The use of a convolutional architecture (U-Net) in the ConvNP model means that the model has a receptive field. This is the area of the input data that influences the prediction at a given point. The receptive field is a function of the U-Net architecture, such as number of layers, filter size, and internal discretisation density.

The receptive field can be visualised using the deepsensor.plot.receptive_field function. This will unnormalise the receptive field and plot it on a map of the globe, which can be useful for understanding the spatial extent of the receptive field.

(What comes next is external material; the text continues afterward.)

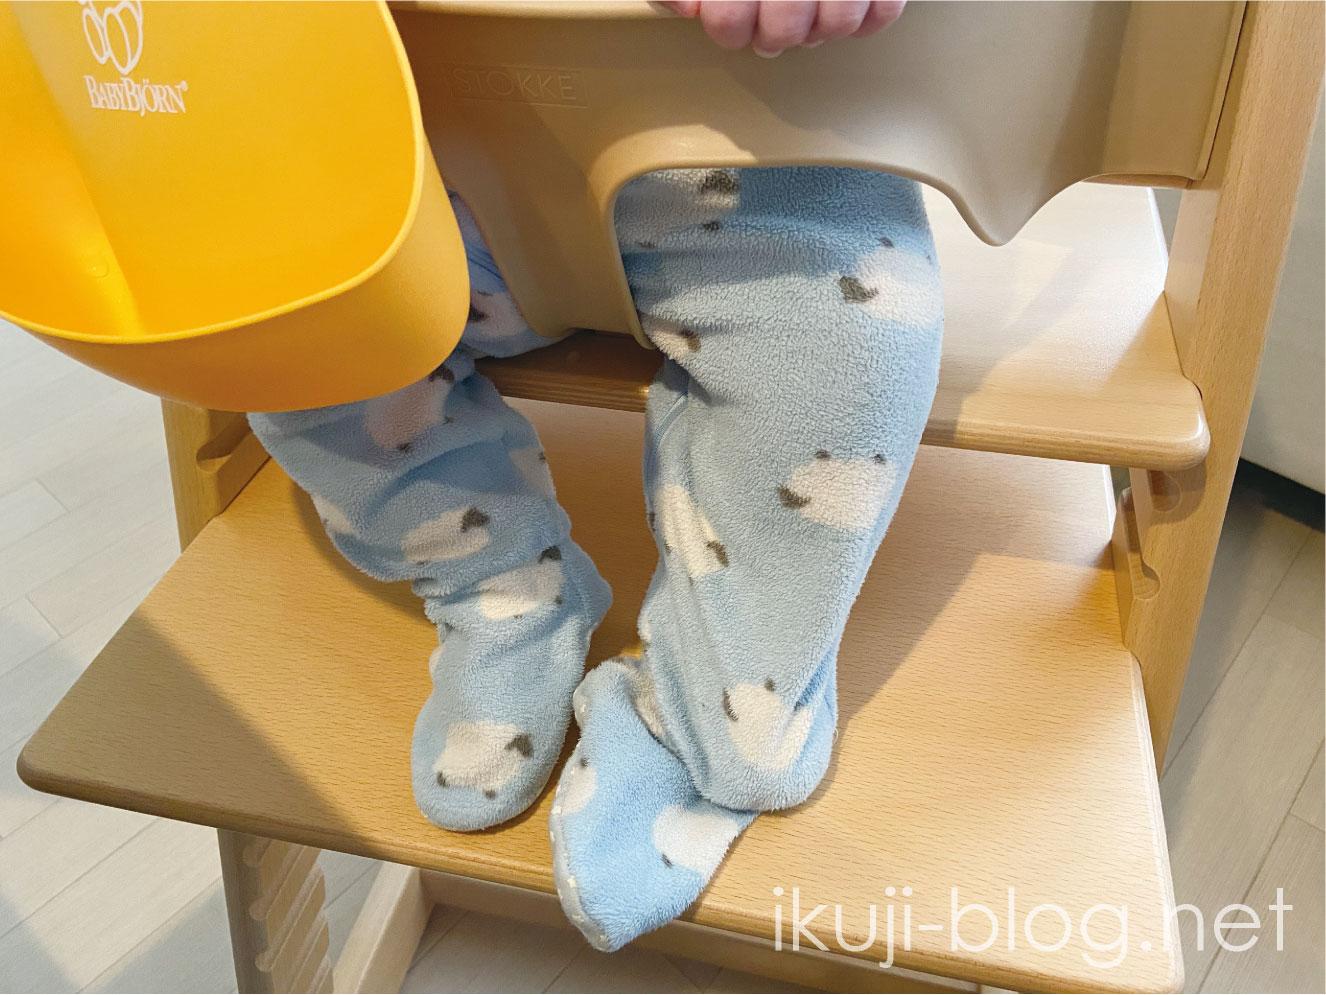 足の裏をトリップトラップの板につける赤ちゃん

Some things to consider are:

Is the receptive field too large (i.e. much larger than the range of context and target data)? This can cause excessive zero-padding.
Is the receptive field too small (i.e. smaller than the correlation length scale between context and target data)? The ConvNP cannot learn correlations greater than the receptive field.

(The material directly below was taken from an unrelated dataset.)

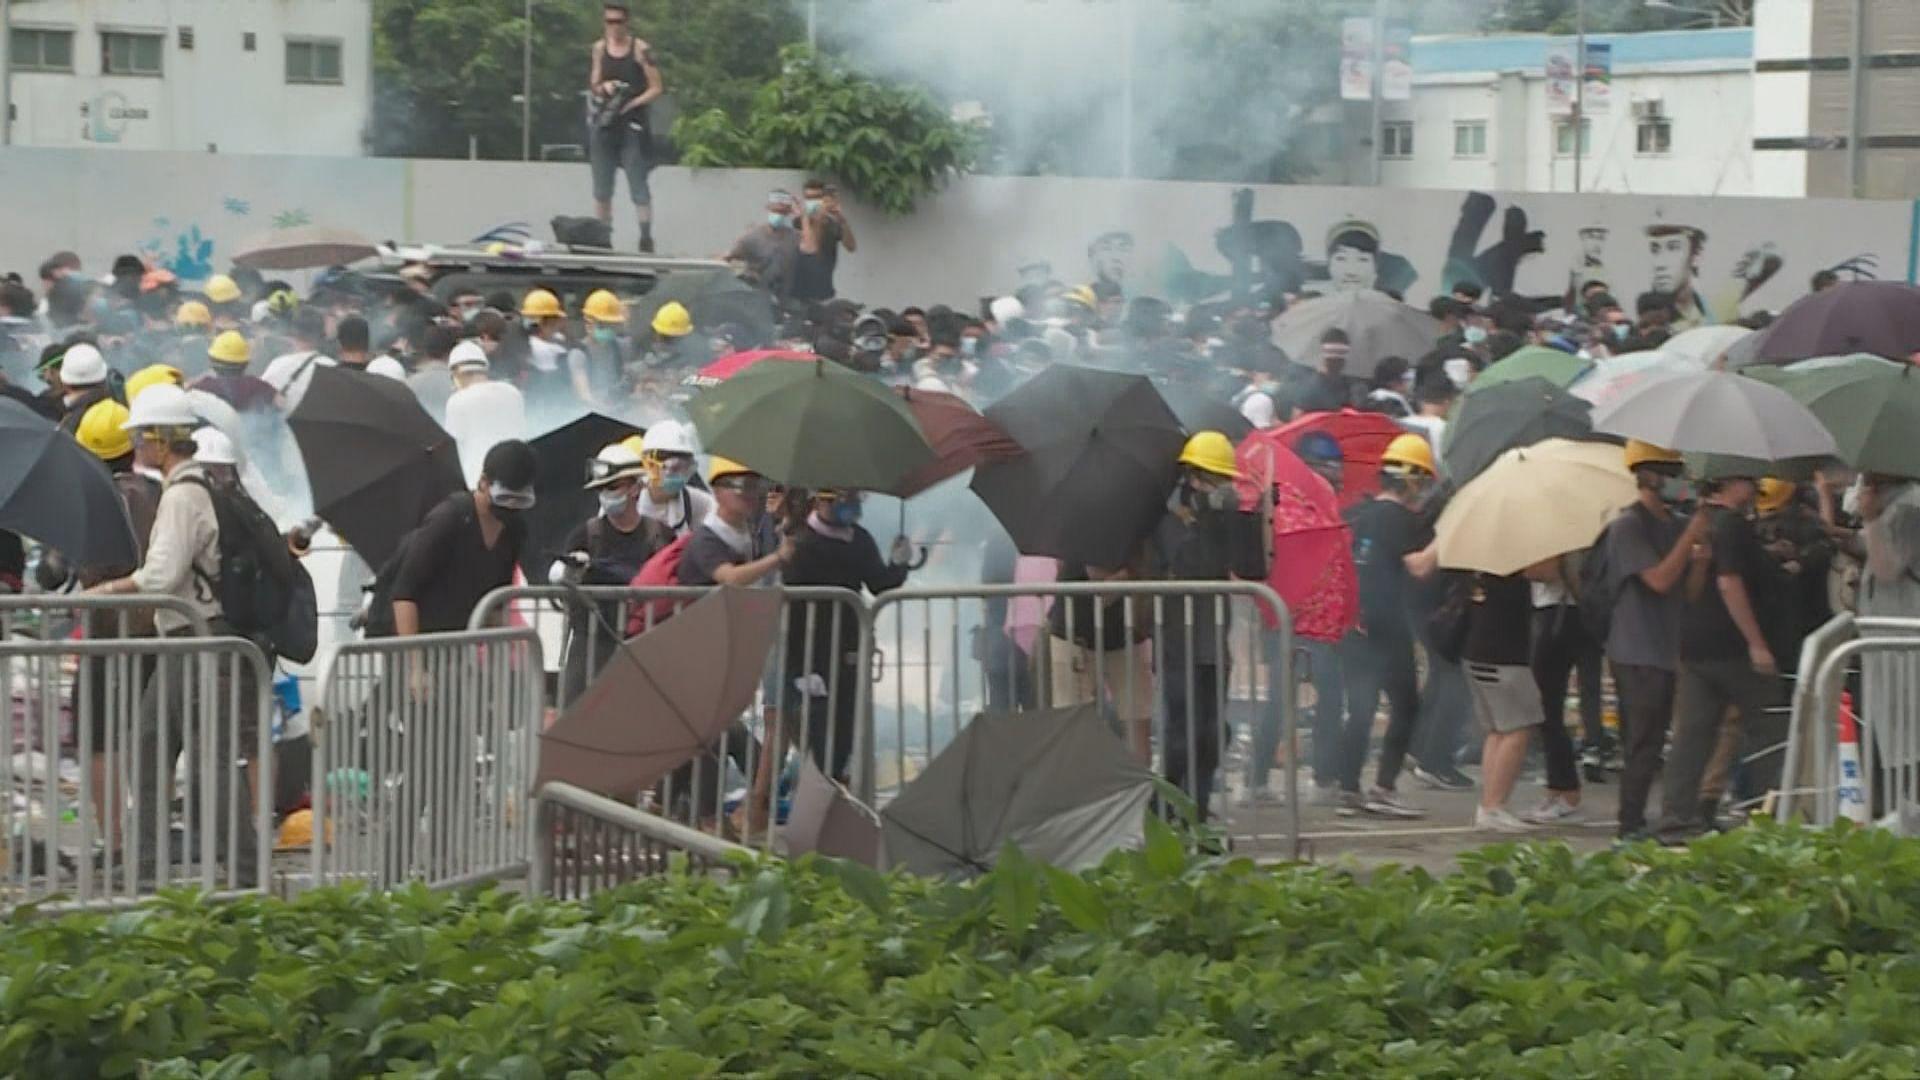 612反修例示威首宗暴動案被告認罪 下周五判刑

You can increase/decrease the receptive field by:

Increasing/decreasing the number of layers in the U-Net
Increasing/decreasing the filter size in the U-Net
Decreasing/increasing the internal discretisation density of the U-Net

Note that the first two options will also affect the number of parameters in the model, decreasing or increasing model capacity. To counteract this, the number of channels in the U-Net (which has no effect on receptive field) can be adjusted.

import cartopy.crs as ccrs
import cartopy.feature as cf
fig = deepsensor.plot.receptive_field(model.model.receptive_field, data_processor, ccrs.PlateCarree(), "europe")
fig.axes[0].add_feature(cf.BORDERS, linestyle=':')

<cartopy.mpl.feature_artist.FeatureArtist at 0x7f9edefdea90>

../_images/1102d5acf830210369344c64345b23987b401afa2521cc8f6a1e39a3adc0a194.png

The likelihood parameter#

The likelihood parameter specifies the output distribution of the ConvNP.

The current options for this kwarg are:

"cnp" (the default): Conditional neural process (CNP) with a Gaussian likelihood. Here, ‘conditional’ means that the target variables are modelled as conditionally independent given the context set (i.e. the model does not learn correlations between the target variables).
"cnp-spikes-beta": CNP with two delta functions (spikes) at 0 and 1, and a Beta distribution between 0 and 1. Useful for modelling data that lies in [0, 1] (e.g. fractional cloud cover).
"bernoulli-gamma": CNP with a delta function at 0, and a Gamma distribution. Useful for modelling data that lies in [0, inf) (e.g. precipitation).
"gnp": Gaussian neural process (GNP) with a joint Gaussian likelihood. This is a generalisation of the CNP that allows for correlations between the target variables.

Saving and loading a ConvNP#

Similarly to the DataProcessor and TaskLoader objects, a ConvNP object can be saved using the save method, and then loaded using the ConvNP constructor.

model.save("../deepsensor_config/")

model_loaded = ConvNP(data_processor, task_loader, "../deepsensor_config/")

mean_bef = model.mean(task)
mean_loaded = model_loaded.mean(task)
print(np.allclose(mean_bef, mean_loaded))

True